§ **Work to be completed**
Give back the whole listing exactly as written, pictures excluded.

§ **Dataset excerpt**
Segment Open

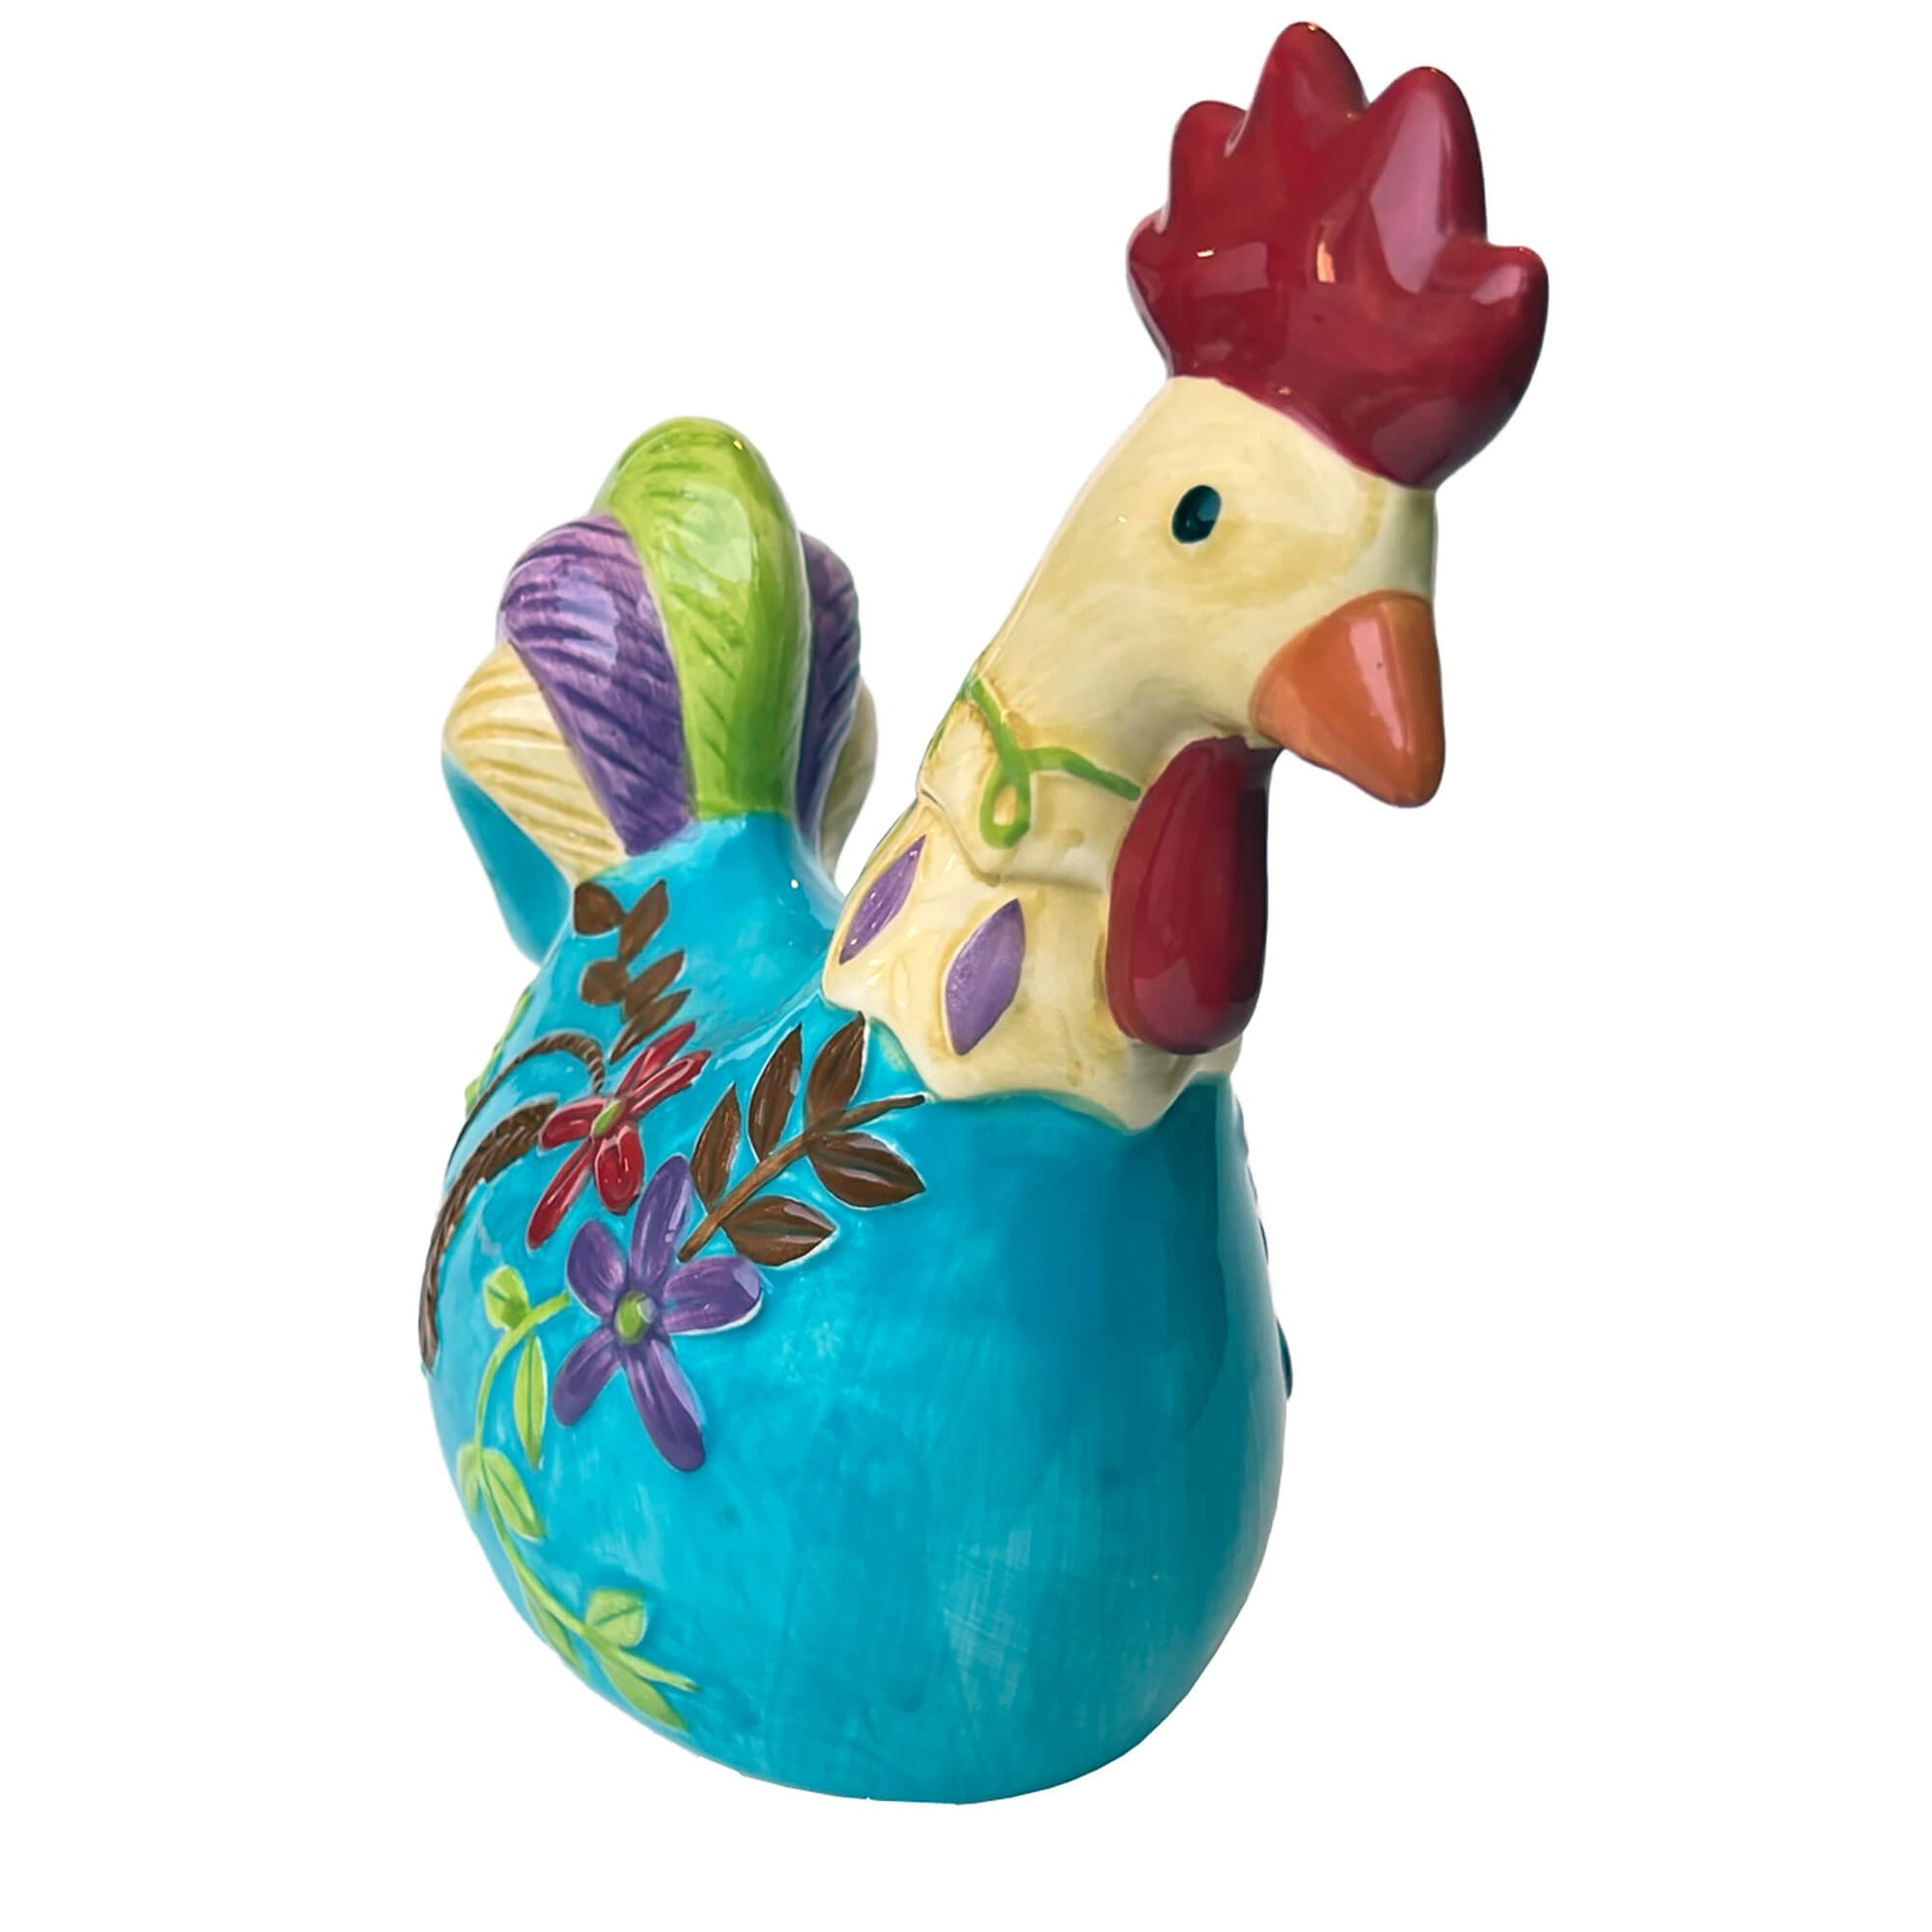 Apropos-Home-Collection-Blue-Ceramic-Chicken-Turkey-angled-view
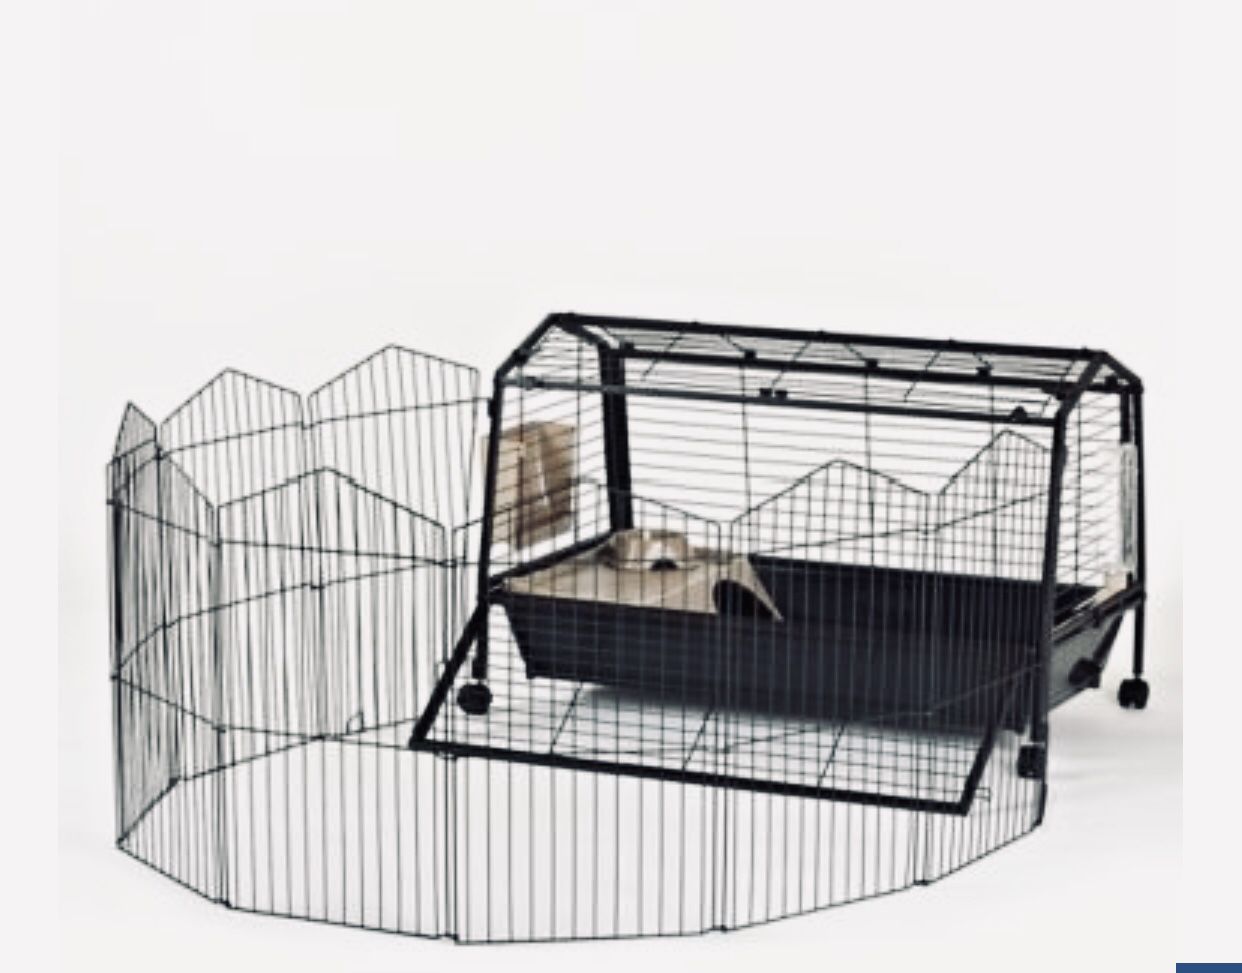 Rabbit cage with playpen
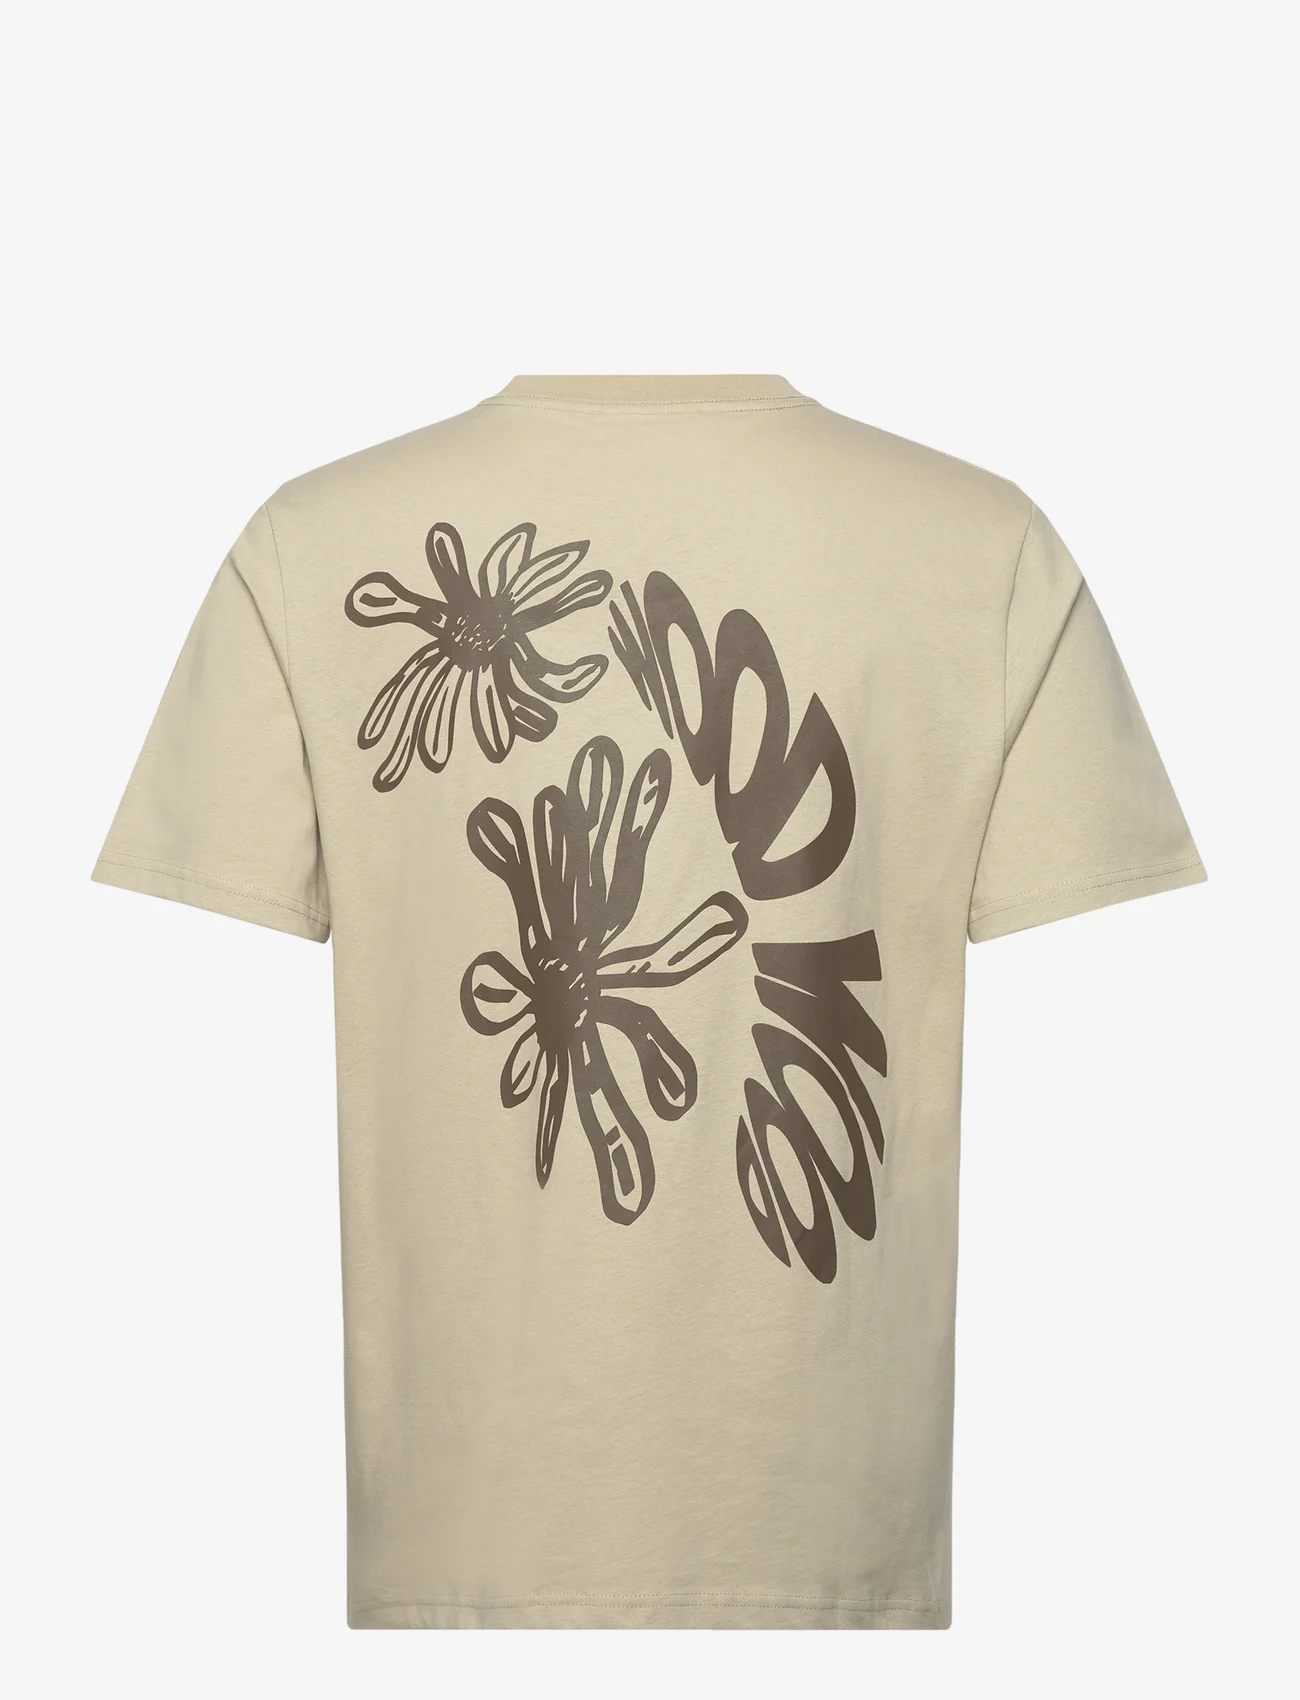 Wood Wood - Bobby Flowers T-shirt GOTS - t-shirts - taupe beige - 1

Segment Closed

§ **Expected answer**
 Apropos-Home-Collection-Blue-Ceramic-Chicken-Turkey-angled-view
 Rabbit cage with playpen
 Wood Wood - Bobby Flowers T-shirt GOTS - t-shirts - taupe beige - 1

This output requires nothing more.